The answer should hold only the lines from the one that contains "İstanbul'da gözaltına alınan" through the last line of the material, repeated exactly, without pictures.

[Collected data]

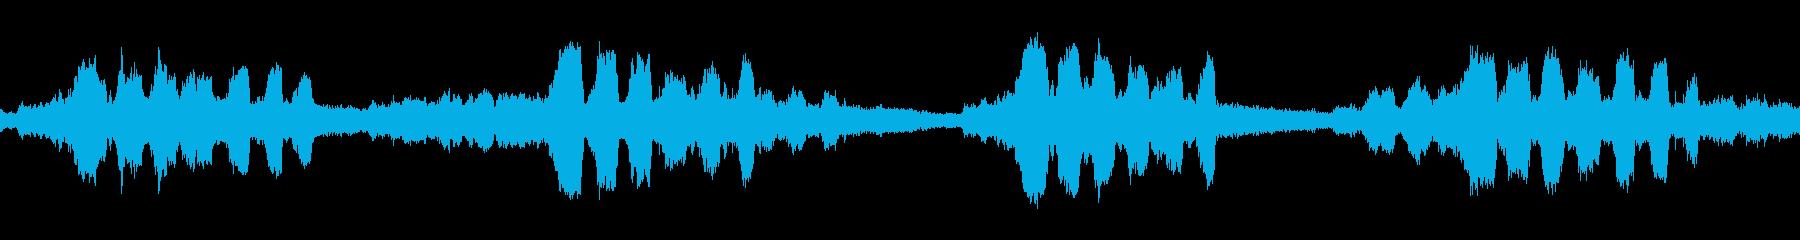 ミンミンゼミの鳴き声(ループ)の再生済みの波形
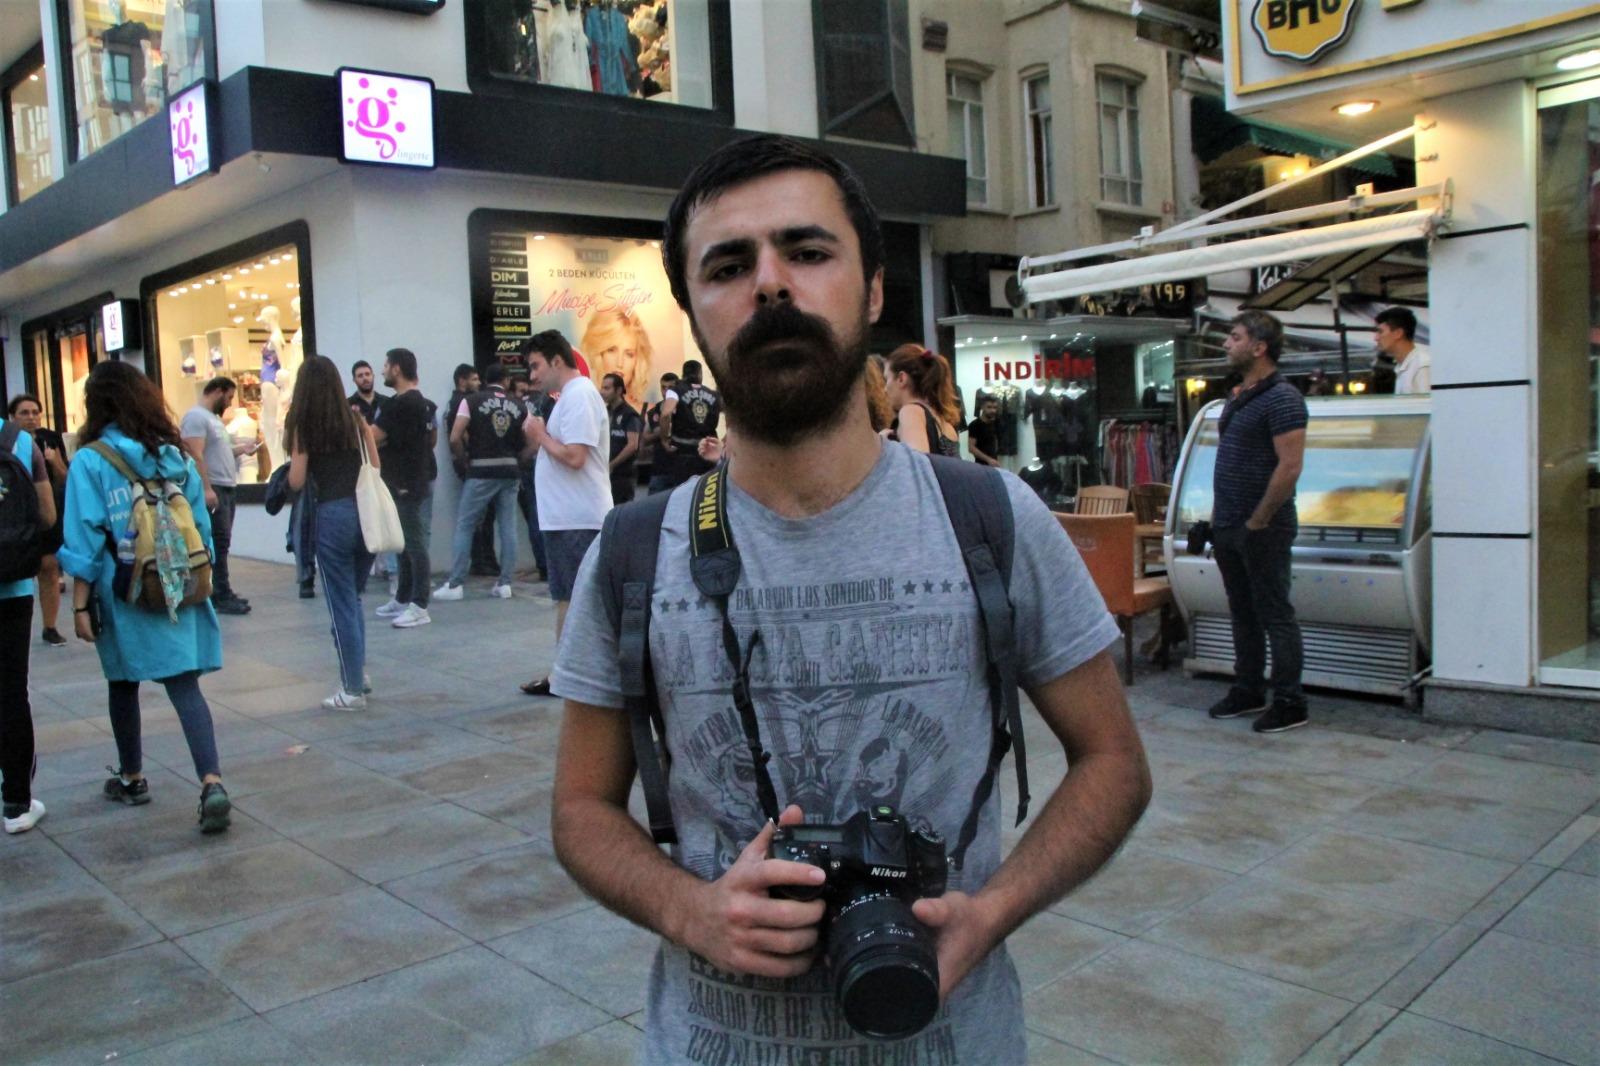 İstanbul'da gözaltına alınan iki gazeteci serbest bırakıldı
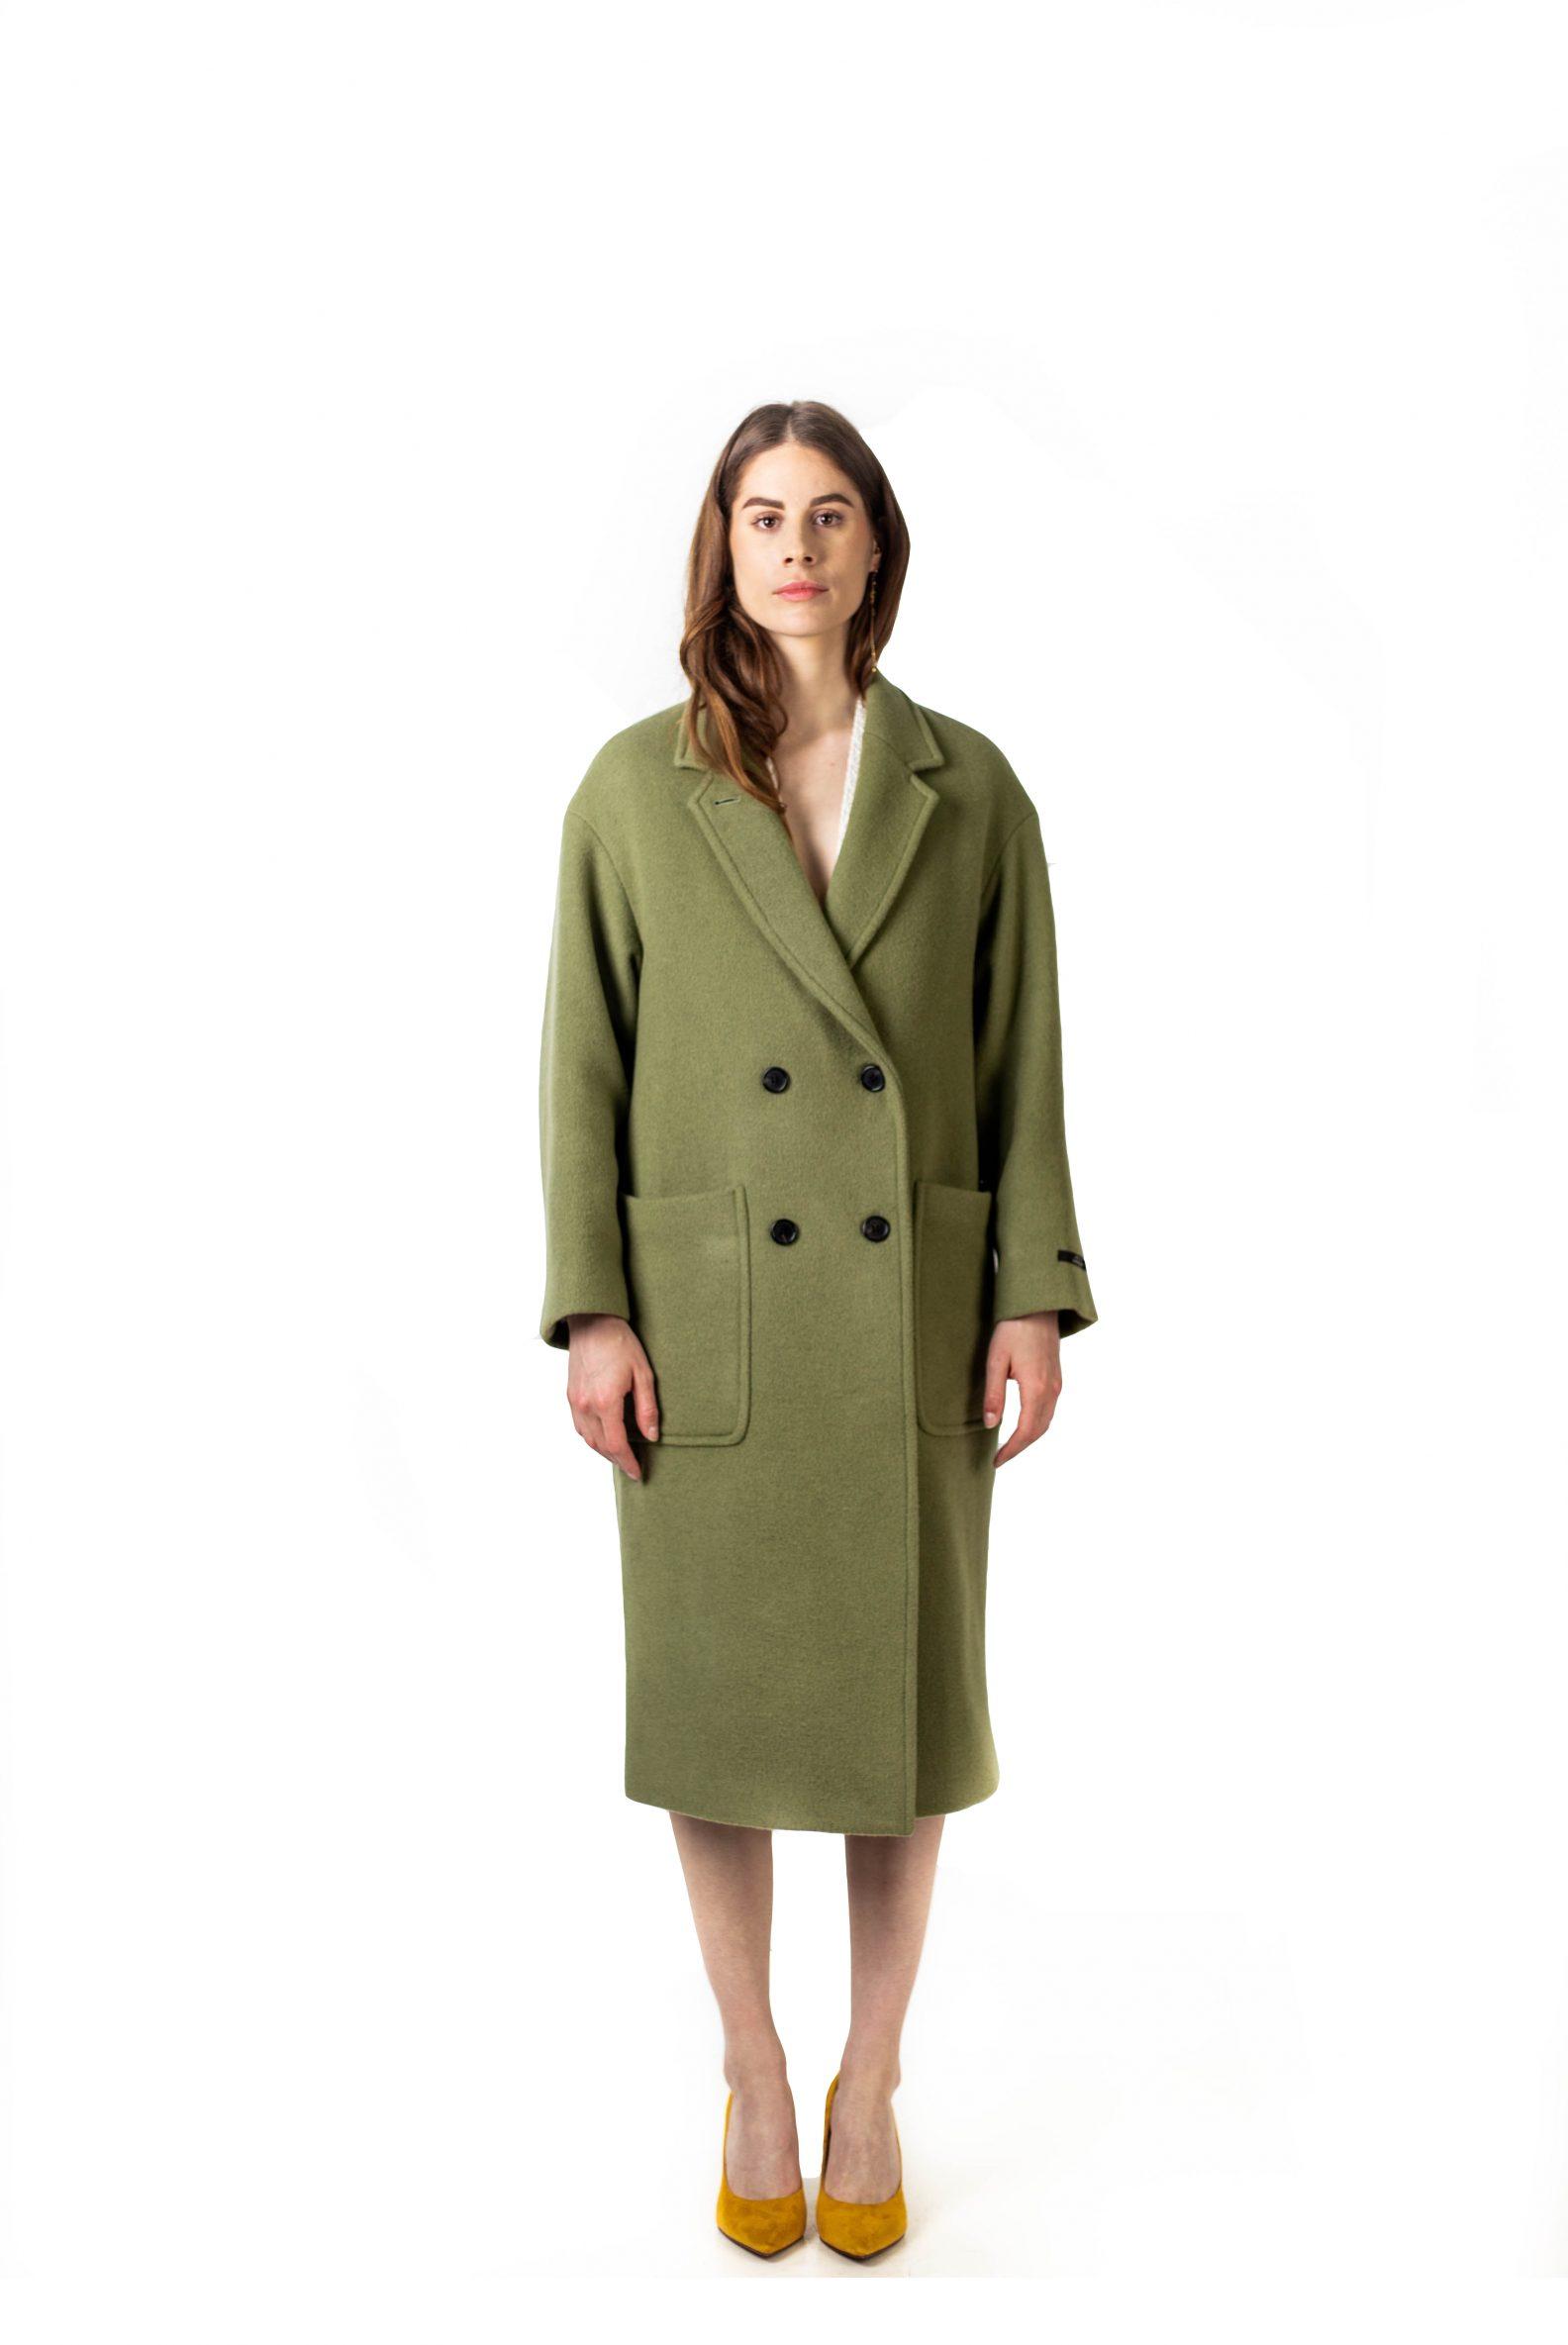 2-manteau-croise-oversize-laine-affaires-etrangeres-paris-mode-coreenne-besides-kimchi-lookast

[/Collected data]

*Your response*
 İstanbul'da gözaltına alınan iki gazeteci serbest bırakıldı
 2-manteau-croise-oversize-laine-affaires-etrangeres-paris-mode-coreenne-besides-kimchi-lookast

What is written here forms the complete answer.